Time for adaptive change

The extent of future climate change largely depends on what actions we do or do not take

With the pandemic causing all business disruptions, economic slump, and travel slowdown, there might be one positive outcome: that CO2 emissions would be reduced. Gargonia/Shutterstock

In our lives, there are events and milestones that become pivotal for ourselves and our communities. Sometimes, these events change everything. One such event is the COVID-19 pandemic, which has certainly been an unprecedented driver of change. It has upended the way we live, signalling the start of a new era.

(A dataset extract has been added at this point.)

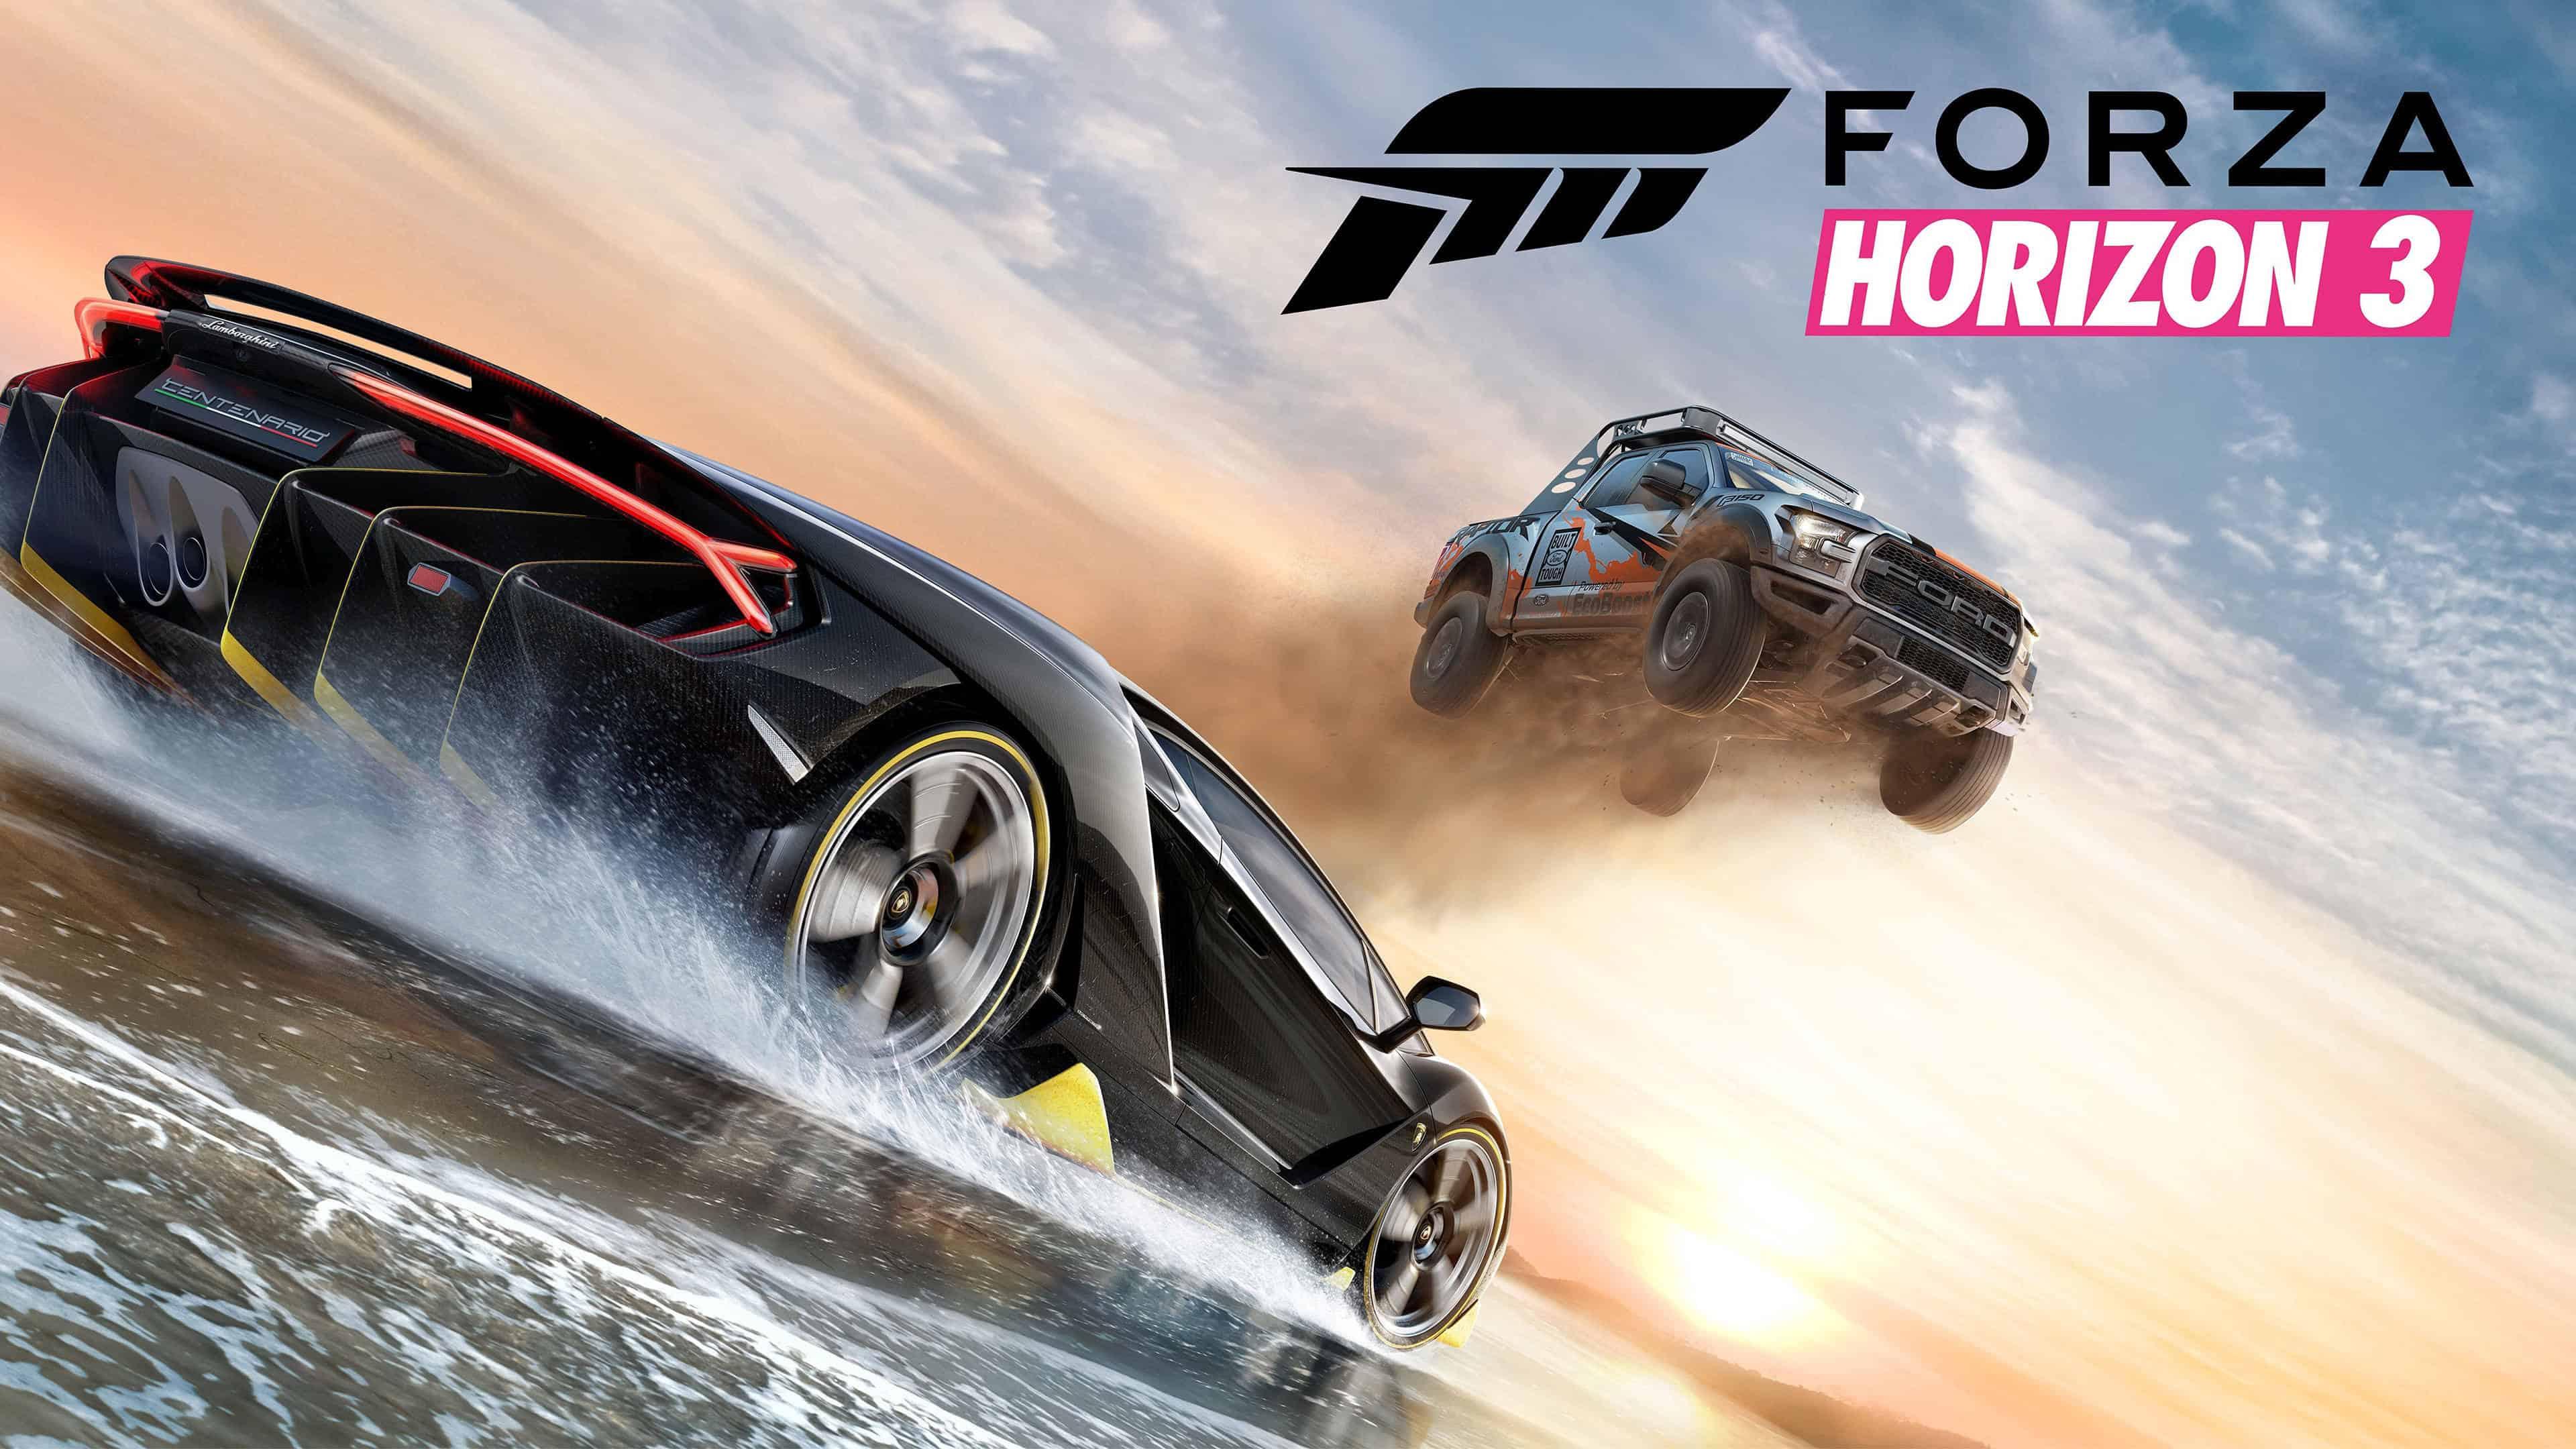 Forza Horizon 3 Uhd 4k Wallpaper

COVID-19 has also significantly changed the foundational assumptions we would normally have and got us thinking if anything will return to normal again. But in terms of sustainability, the phrase “business as usual” should apply. To achieve sustainability, we need to change progressively and build on the past but not be limited by it. For this, we need reliable data to support a common vision, objectives, and goals.

To discuss this and other related issues, over 70 speakers and panellists came together at the PropertyGuru Asia Real Estate Summit (ARES) 2020 and 2021. Together, they discussed the real estate industry’s needs, the need to adapt to a changed world, and the quest for more sustainable outcomes.

CO2 emissions progress update

Sustainability is the path for positive change and progress. It is the path that so many of us are gladly dedicated to, but dedication, passion, and vision are not enough. Actual outcomes are the only real measure of success.

Carbon emissions and CO2 levels are a direct measure to climate change concerns. These are also an indirect measure of the levels of pollution, inefficiency, waste, and other concerns that need to be addressed to achieve a sustainable future.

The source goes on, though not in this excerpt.